Force-pushing. All Git writes use the non-destructive Trees API; no refs are force-updated.
Automated re-runs on stale base branch. A StaleBaseBranch failure terminates the run as 'failed'; recovery requires a new external webhook triggering a new run_id.
Bypassing branch protection. The provisioned GitHub App token holds no bypass_branch_protections permission.

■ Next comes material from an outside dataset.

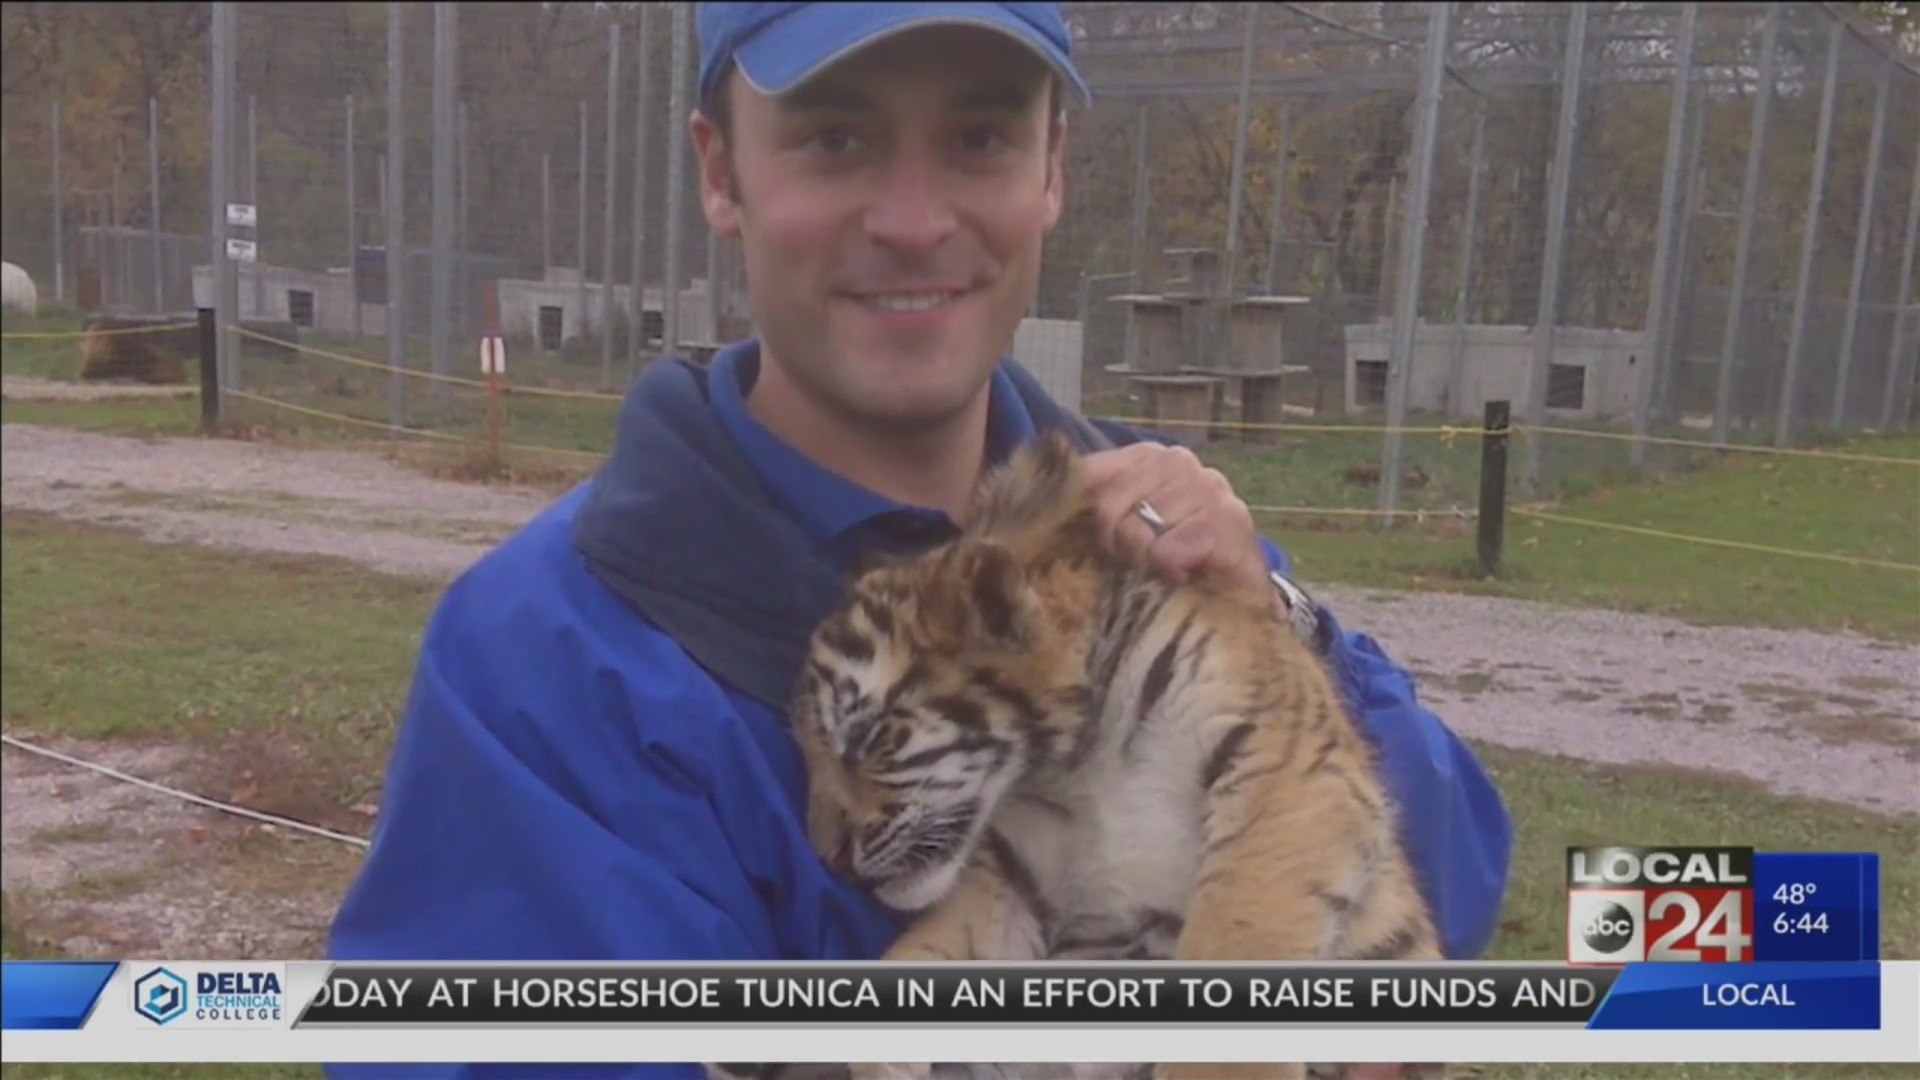 TOM III, famed tiger mascot for the UofM, passes away

Supporting Infrastructure Summary #

Component	Technology	Role	Status
PostgreSQL 15	`postgres:15-alpine`	Primary persistence: runs, stages, artifacts, approvals	Implemented
PgBouncer 1.22	`edoburu/pgbouncer:1.22.1`	Connection pooling in transaction mode	Implemented
Flyway 10	`flyway/flyway:10-alpine`	Schema migration management (V1–V6)	Implemented
Valkey 8.0	`valkey/valkey:8.0`	MCP cache, rate-limit accounting, PR serialization lock	Implemented
Healthcheck	Node.js 20 / Express 4 / ioredis 5	Valkey write-availability probe; exposes `GET /health`	Implemented
Garage S3	Garage (S3-compatible API), port 3900	Test bundle storage, 7-day retention	Planned
Temporal	Temporal server + workers	Deterministic workflow orchestration	Planned
LLM Agents (3)	Repo Crawler, Test Case Generator, Test Engineer	Stateless LLM invocations with JSON Schema contracts	Planned
Observability	OTel Collector · Tempo 2.4 · Prometheus 2.52 · Grafana 10.4	LLM trace ingestion, token-accounting metrics, alerting	Implemented

The Observability plane is implemented and operational. LLM agents emit structured OpenTelemetry spans and token-count metrics through an OTel Collector, which routes traces to Grafana Tempo and metrics to Prometheus. A pre-built LLM Token Accounting dashboard in Grafana provides real-time token usage, P95 latency, and call-rate panels. See Observability for the full pipeline reference.